◆ **What you need to do**: Every line below needs to be transcribed without alteration, and no image may be carried over.

◆ **Data provided**:
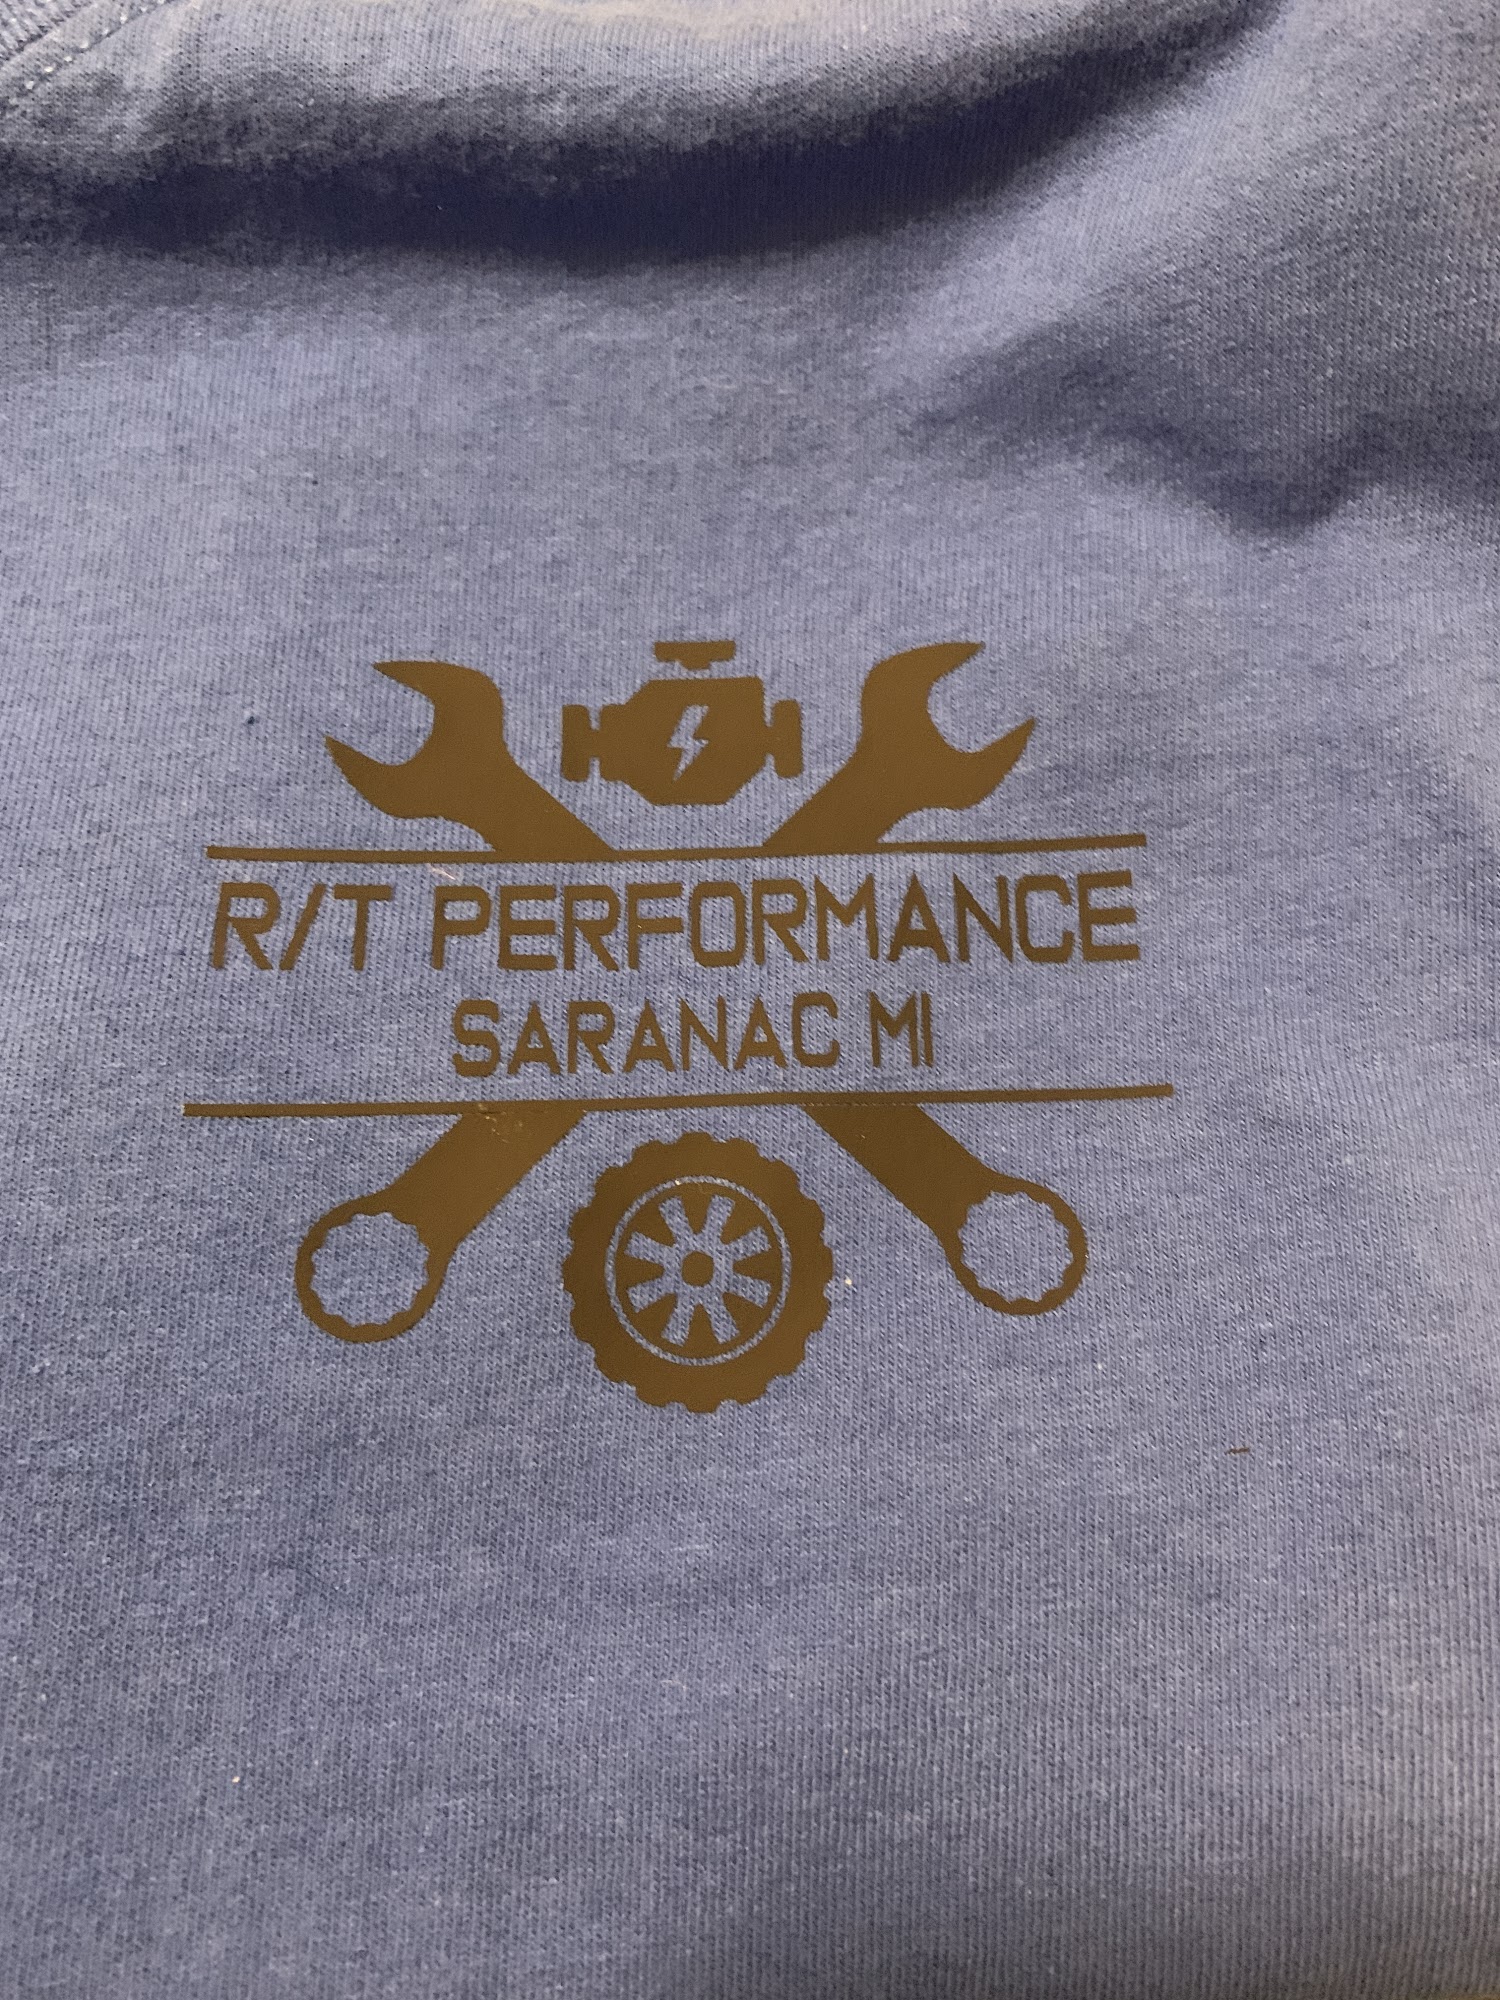 R/T Performance Auto Services
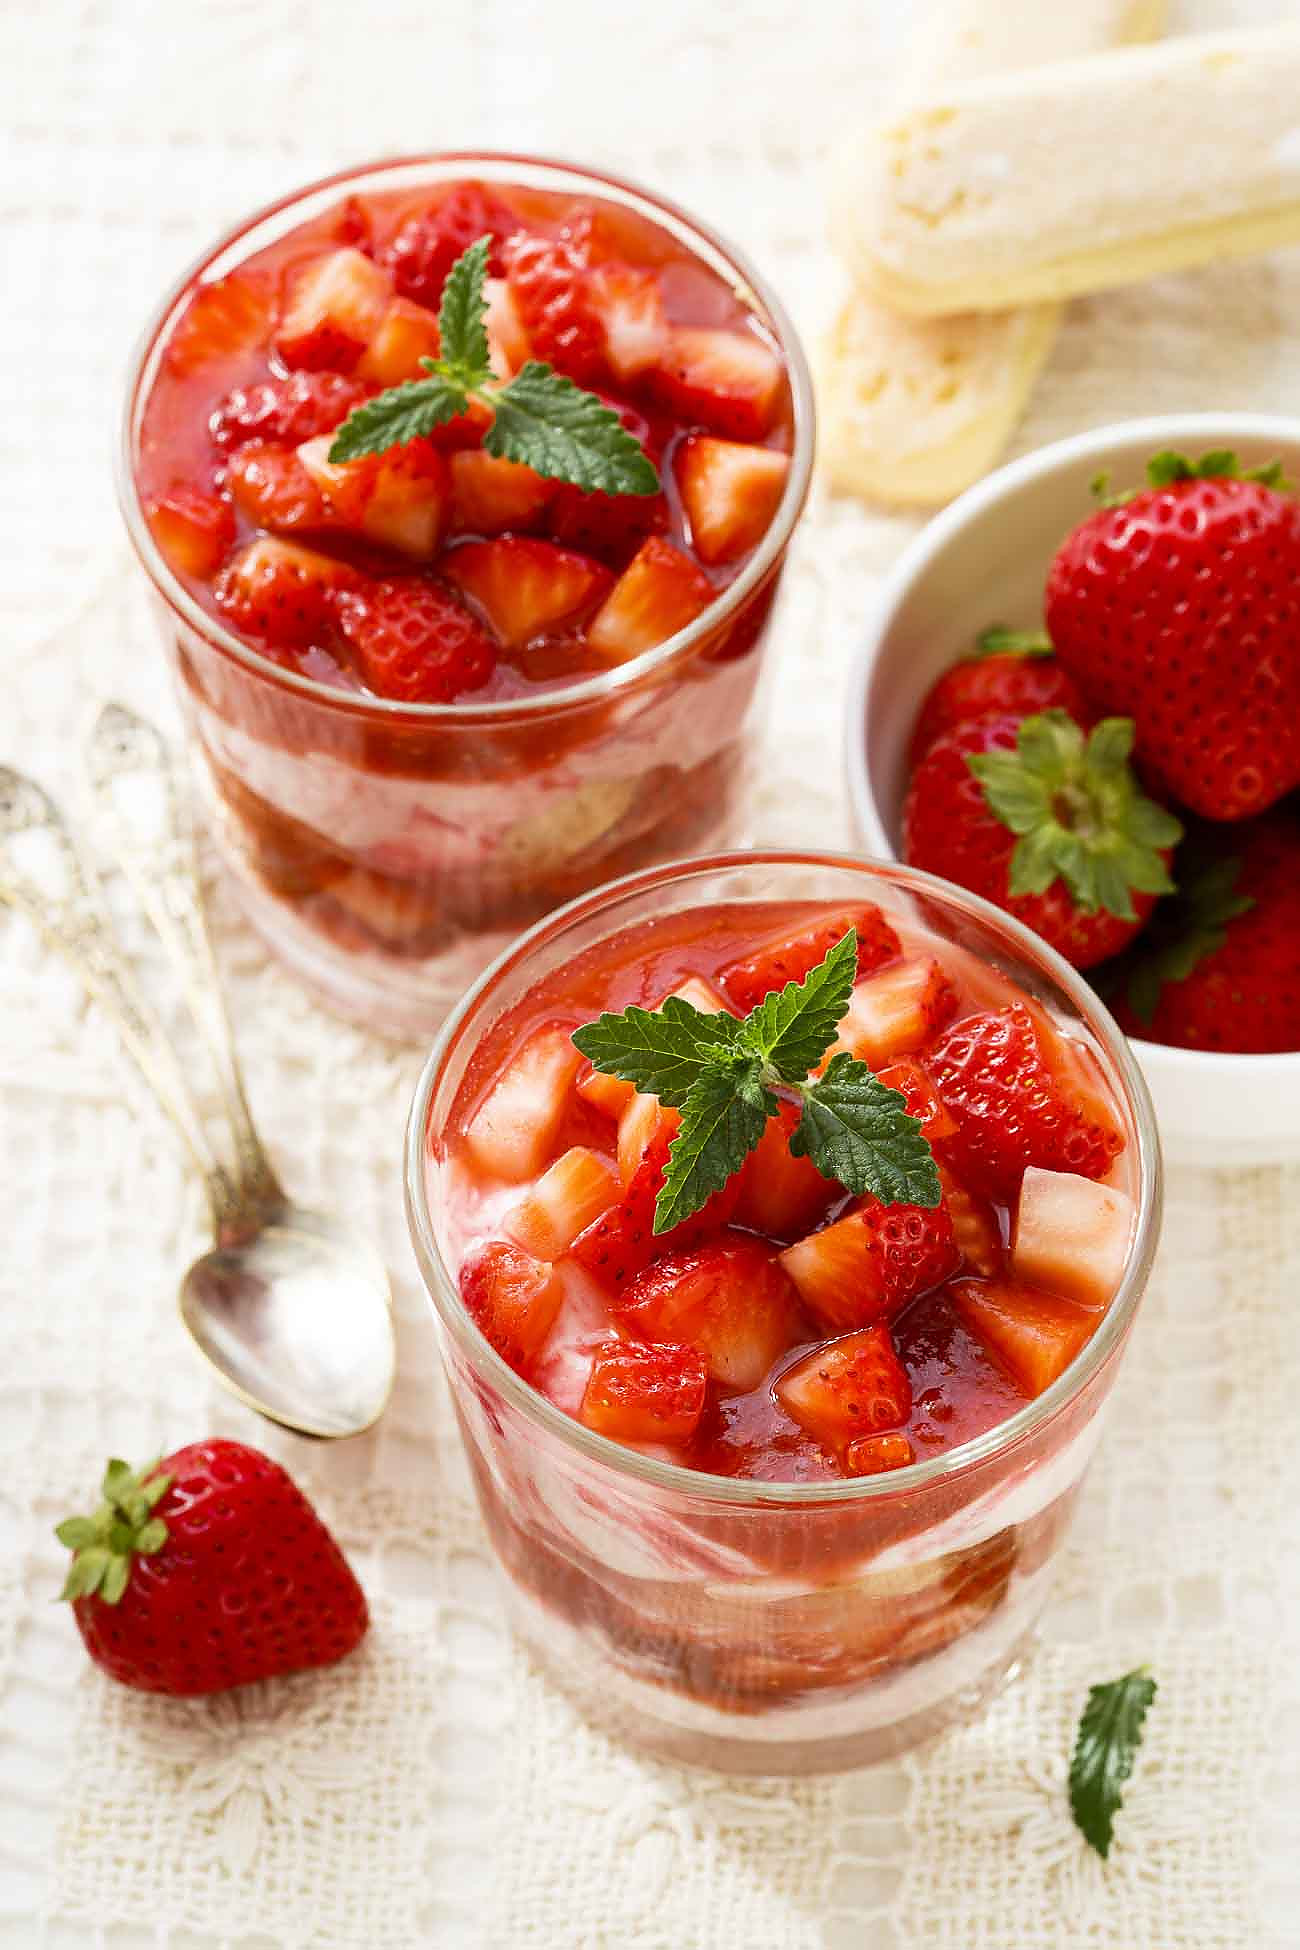 Strawberry Trifle Recipe With Grand Marnier
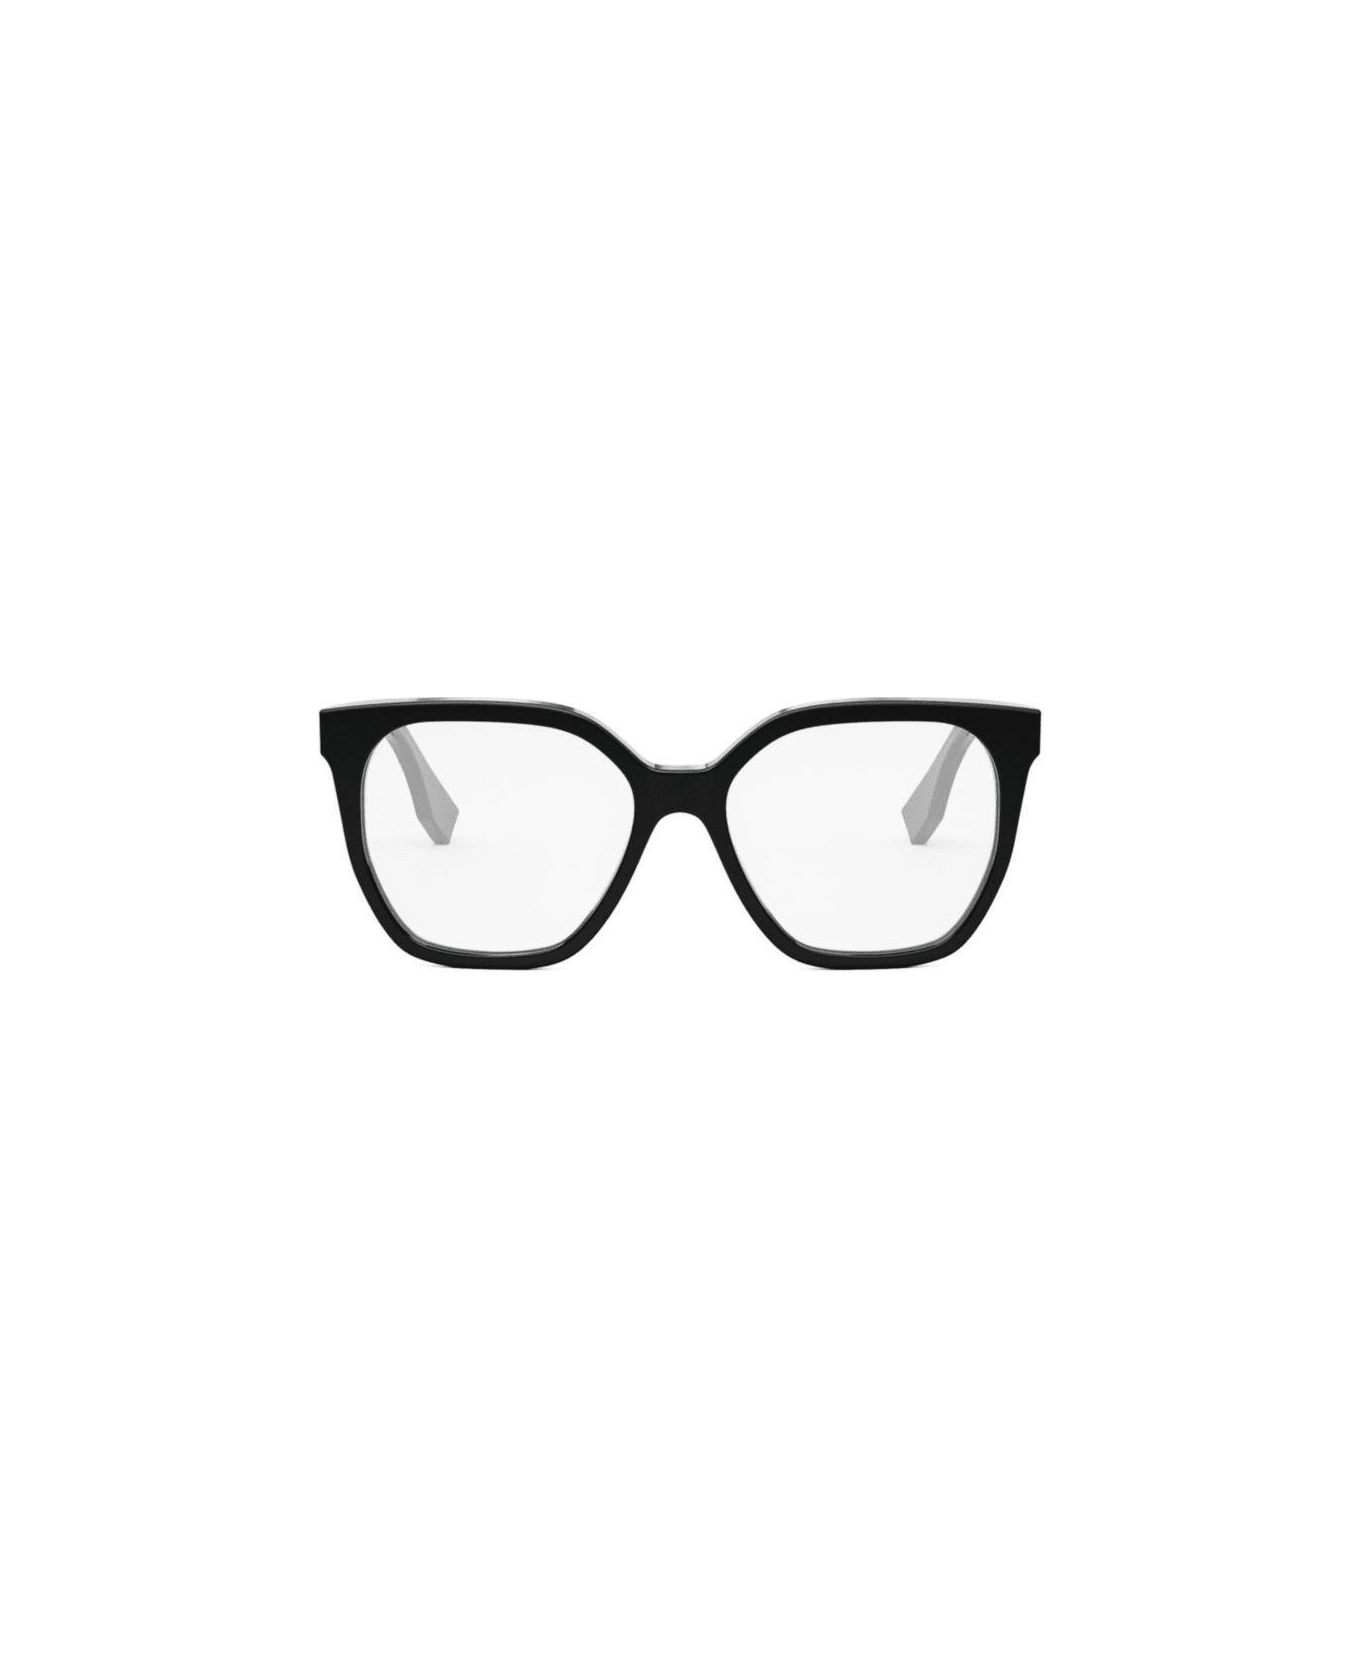 Fendi Eyewear Square Frame Glasses - 001

◆ **Answer to this problem**:
 R/T Performance Auto Services
 Strawberry Trifle Recipe With Grand Marnier
 Fendi Eyewear Square Frame Glasses - 001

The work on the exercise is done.